Bu soru; işçinin AIDS hastalığına kendi kusuru ile yakalanıp yakalanmadığına bakılarak cevaplanabilir. Ancak işverenin buna dayanarak yaptığı fesih haklı değil geçerli fesih sebebidir.

● İş Kanunu m.17/I a da düzenlenen işçinin kusurlu davranışları işçinin kastı, derli toplu olmayan yaşayışı ve içkiye düşkünlüğü olarak düzenlenmiştir. Örneğin işçi HIV veya AIDS hastası olan bir uyuşturucu bağımlısının kullandığı şırıngayla, uyuşturucu alan bir başka bağımlı virüsü alabilir. Ya da işçi cinsel ilişki kurduğu insanlara dikkat etmez ve bu ihmali neticesinde virüsün kendisine bulaşmasına neden olabilir. Bu durum işçi tarafından hem kasten meydana getirme hem de kanunda belirtilen şekilde işe devam etmemiş olması şartı aranmaktadır.
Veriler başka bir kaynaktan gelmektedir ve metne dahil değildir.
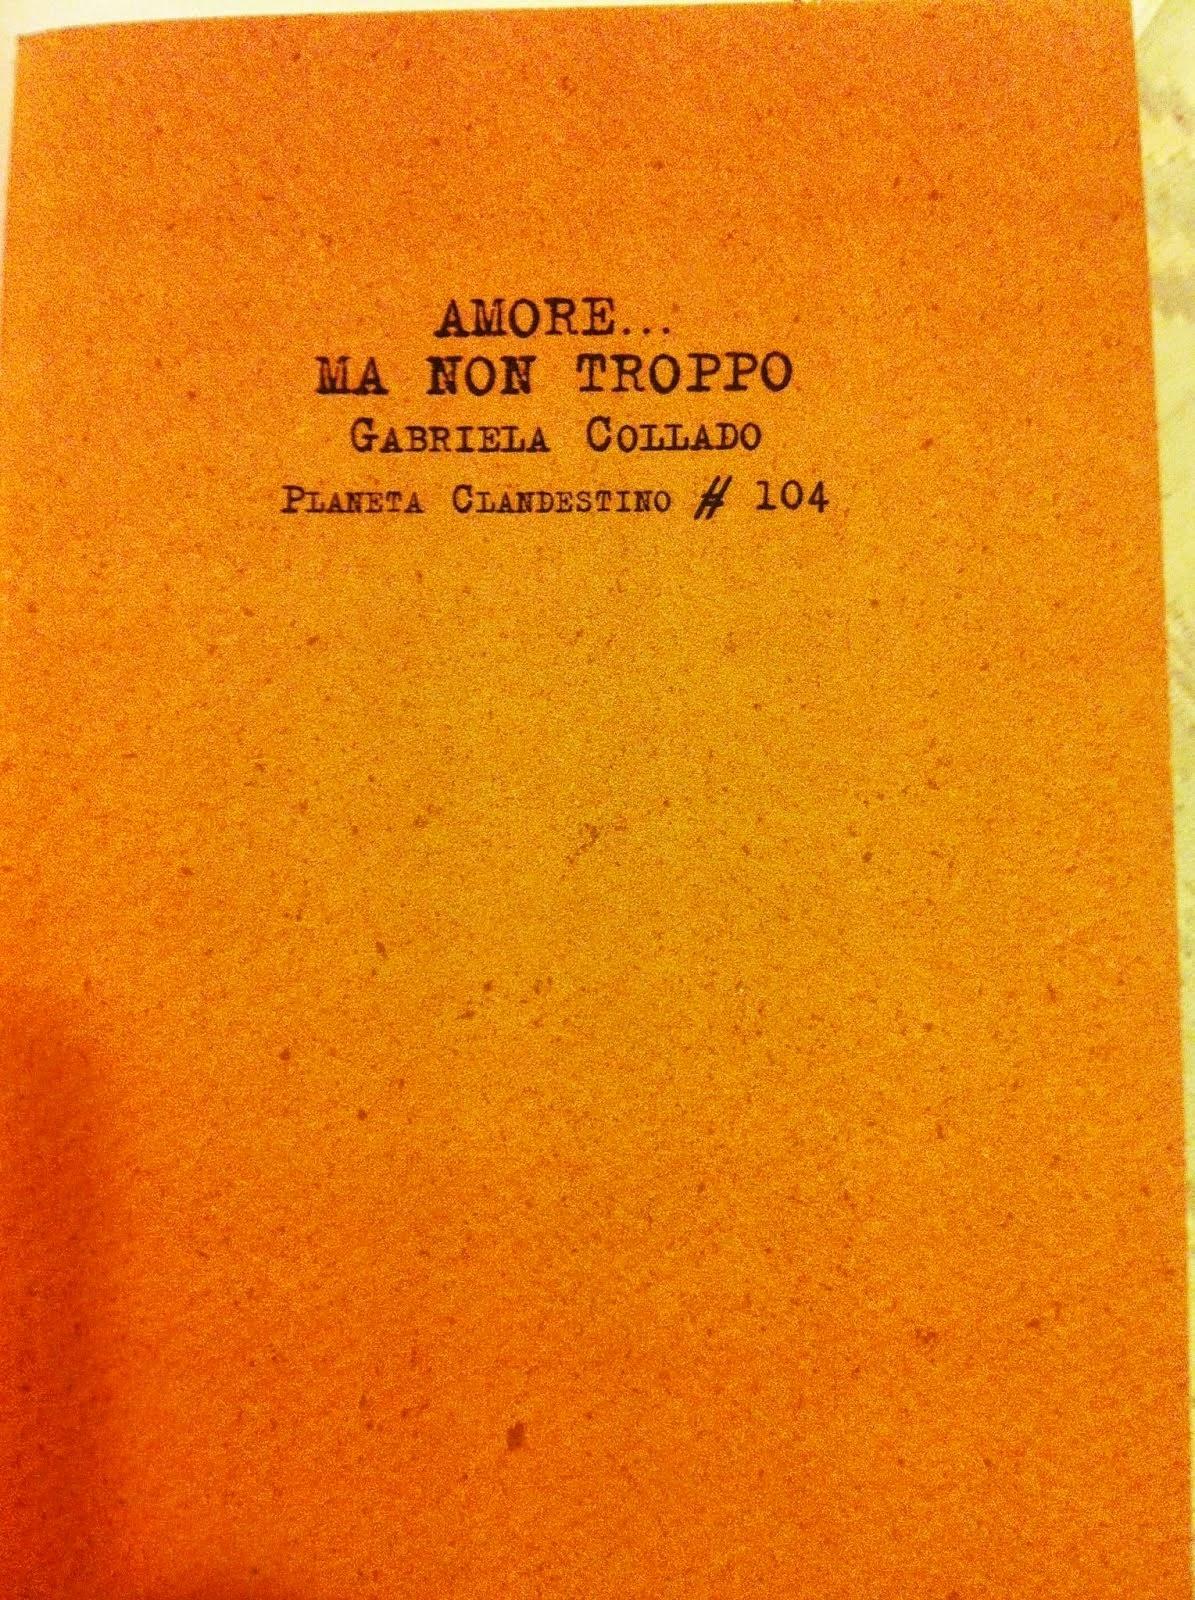 Amore... Ma non troppo (Agosto 2012) Ediciones del 4 de agosto

Bu da ardı ardına üç işgünü veya bir ayda beş işgününden fazla bir süreye tekabül eden devamsızlık şeklidir.

● İşçi bütün özen ve dikkatine rağmen, kusuru olmaksızın da AIDS hastalığına yakalanmış olabilir. Kendisine kan verilmesi veya organ nakli yapılması zorunlu olan durumlarda, verilen kanın veya organın gerekli inceleme ve araştırmaların yapılmaması ya da gerektiği gibi yapılmaması nedeniyle, AIDS taşıyıcısı veya hastası olan bir kimsenin kanının verilmesi ya da organın nakledilmesi neticesinde, hiçbir kusuru olmaksızın virüsün kendisine bulaştırılması söz konusu olabilir. AIDS’e yakalanmada kusuru bulunmayan ve devamsızlığı hizmet süresine göre bildirim süresini aşmayan işçinin sözleşmesi, sadece hastalığın bulaşıcı olmasına dayanarak feshedilmemelidir.
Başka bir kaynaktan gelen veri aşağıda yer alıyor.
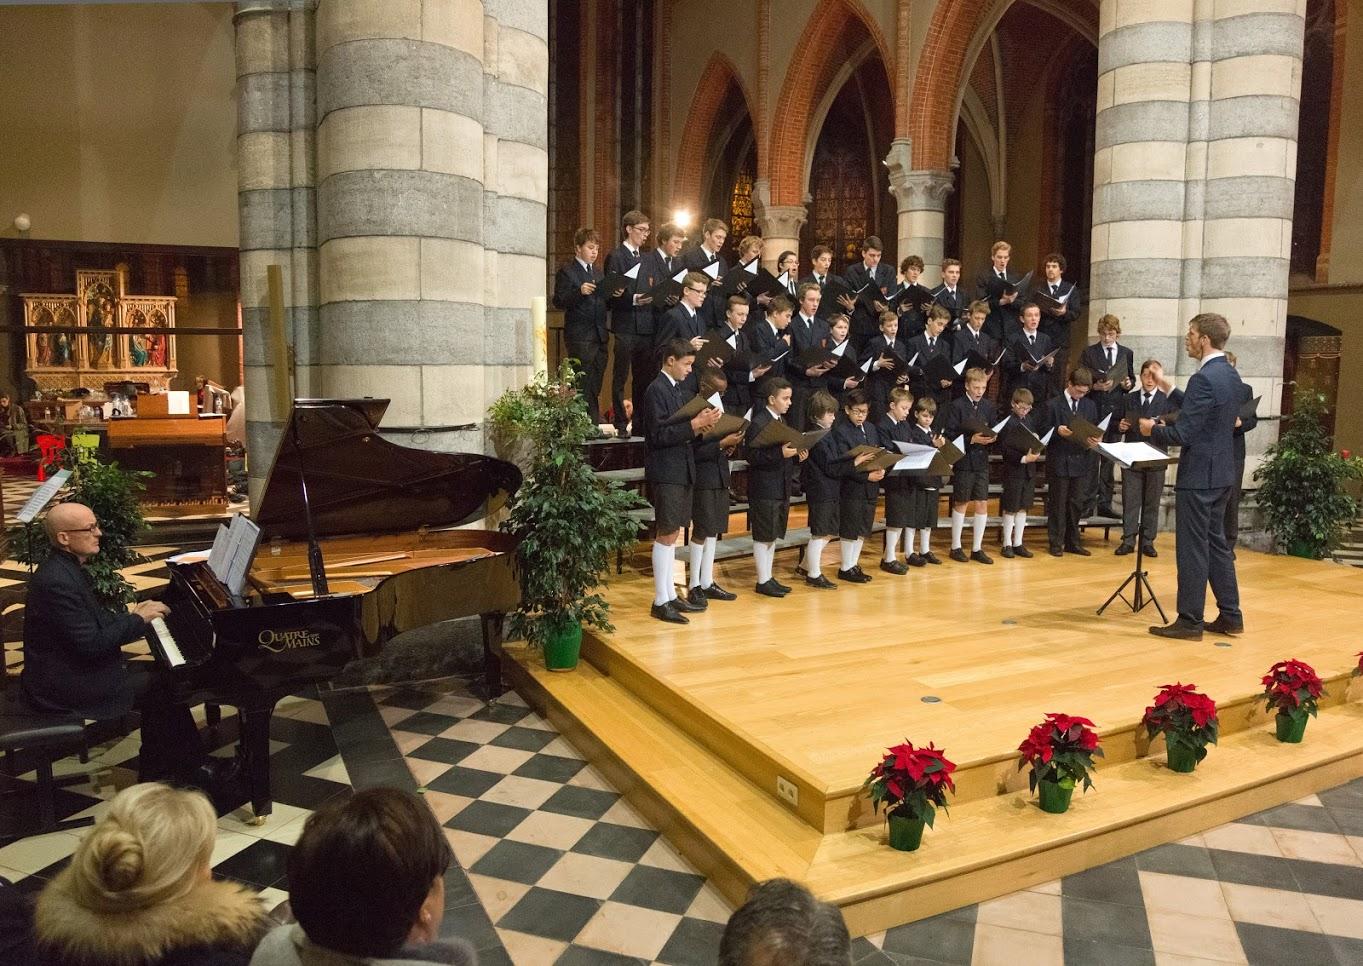 Jubelconcert te Gent ter gelegenheid van het 50-jarig bestaan van Amade België

İş akdi haklı bir nedene dayandırılmadan, yani sırf AIDS olduğu için iş akdi fesih edilen işçi hak kazandığı tazminatlar neticesinde iş mahkemelerinde işçilik alacaklarına ilişkin dava açabilir. İşçilik alacaklarının içerisinde, iş akdi feshinin AIDS’ten kaynaklanan ayrımcılığa dayandığını da ispatlayabilirse ayrımcılık tazminatına da hak kazanabilir.